AIM OF THE TASK
Each line below must be reproduced exactly, though the pictures are to be dropped.

DATA

******

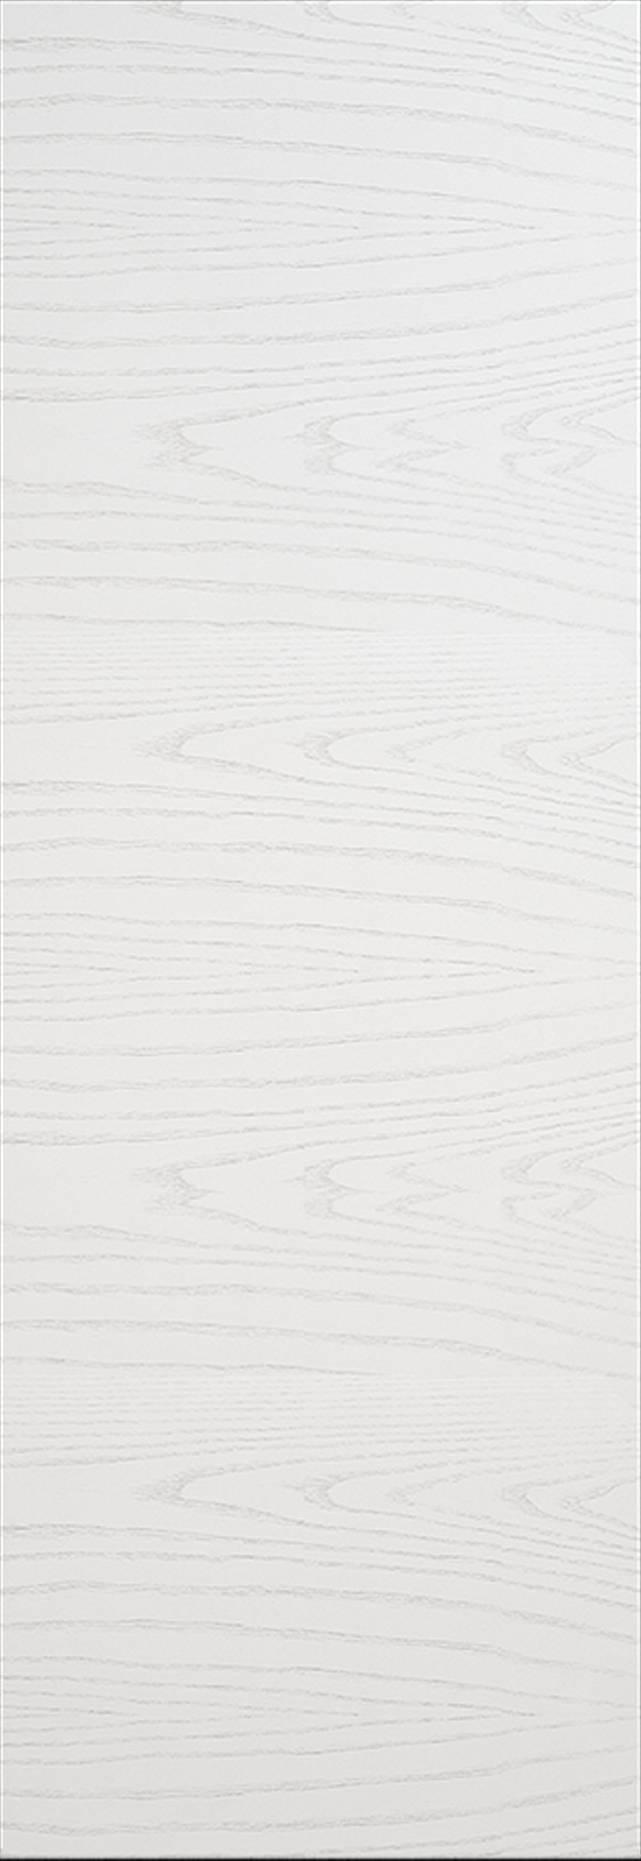 Tivoli А-2 Invisible цвет - Ясень белая эмаль Без стекла (ДГ)
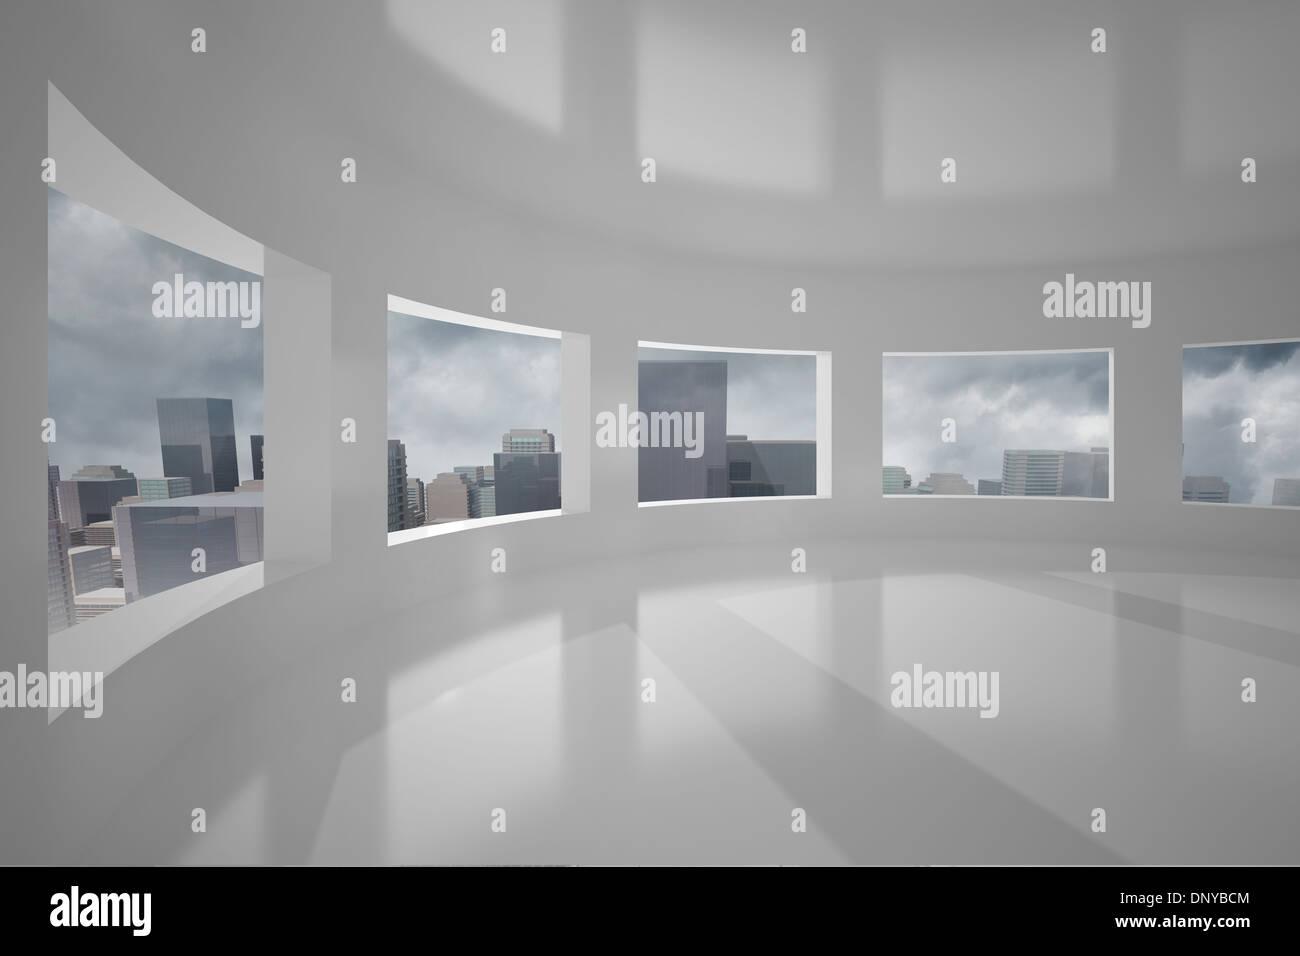 Cityscape seen through windows - Stock Image
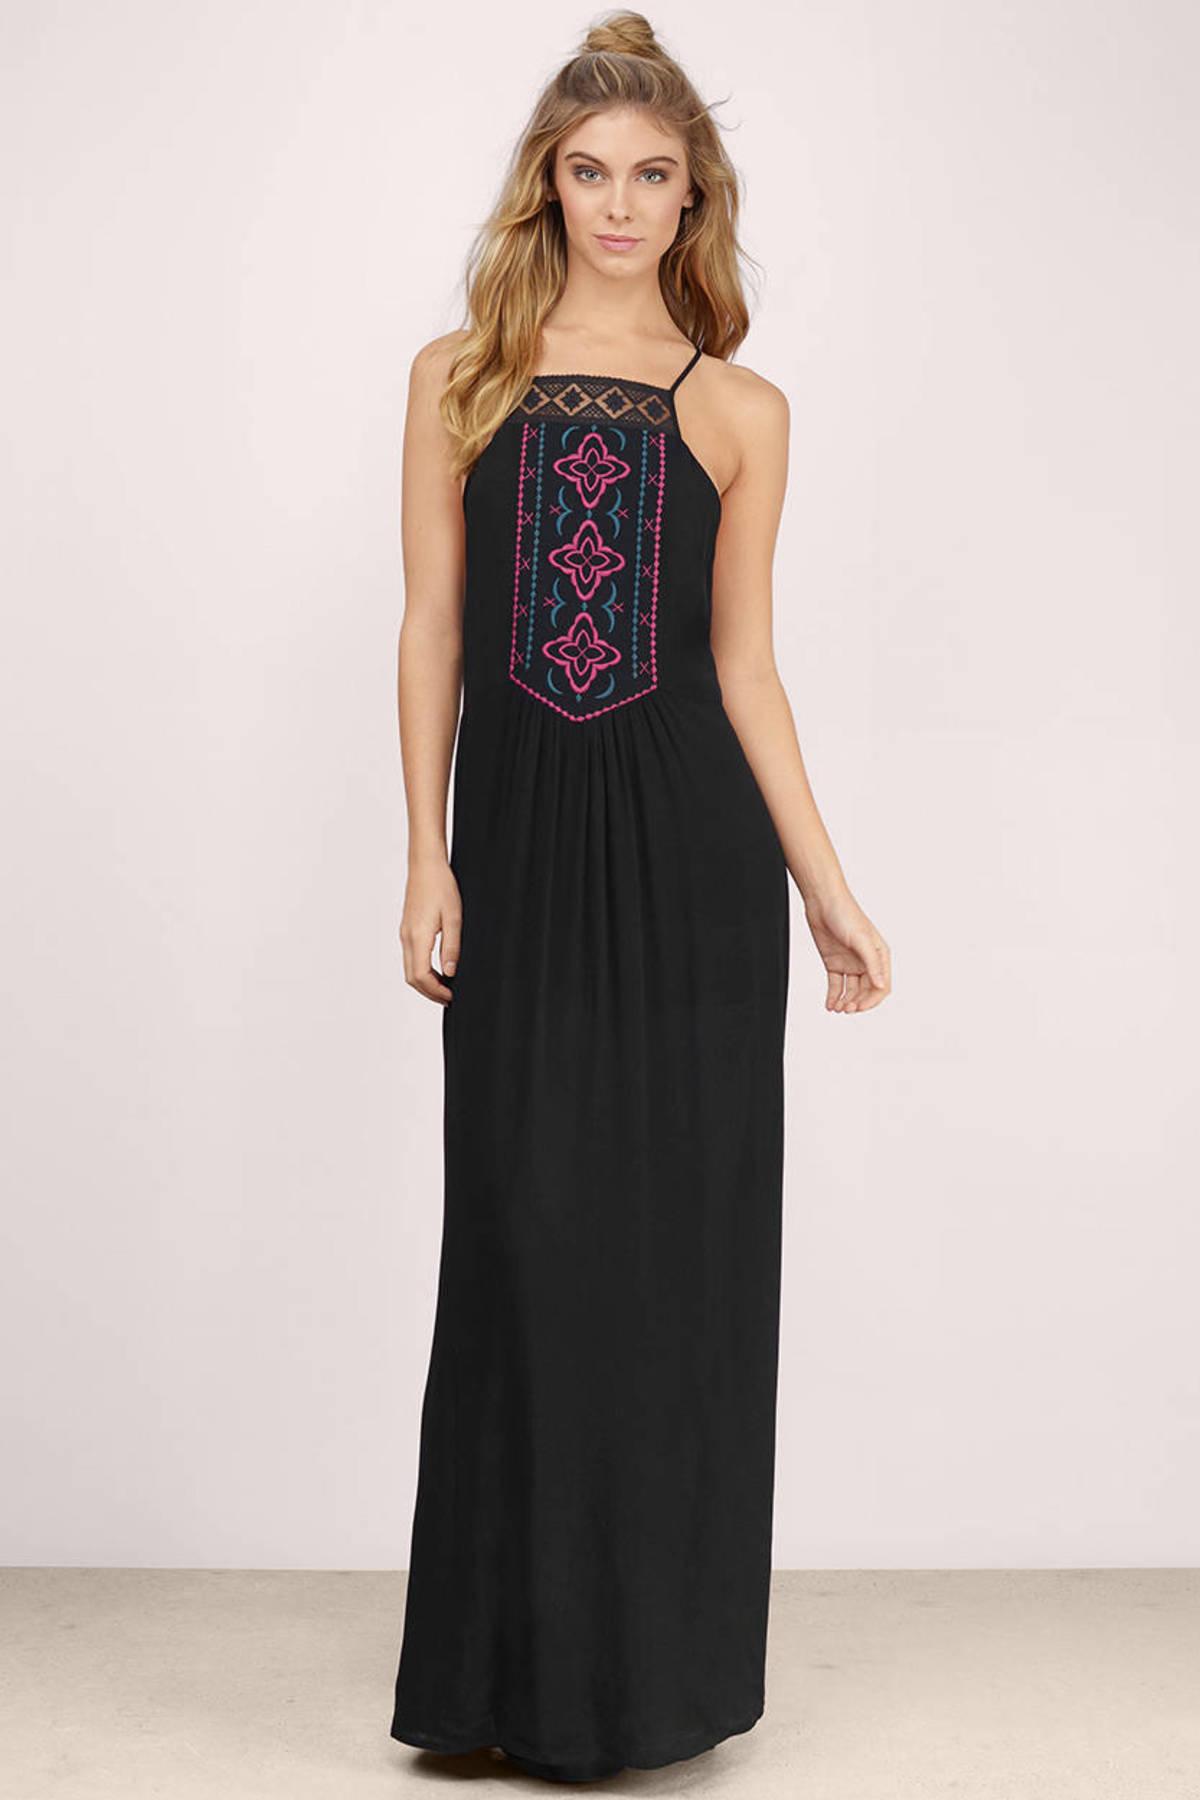 Cute Black Maxi Dress - Black Dress - Open Back Dress - $13.00

******

FINISHED TASK
 Tivoli А-2 Invisible цвет - Ясень белая эмаль Без стекла (ДГ)
 Cityscape seen through windows - Stock Image
 Cute Black Maxi Dress - Black Dress - Open Back Dress - $13.00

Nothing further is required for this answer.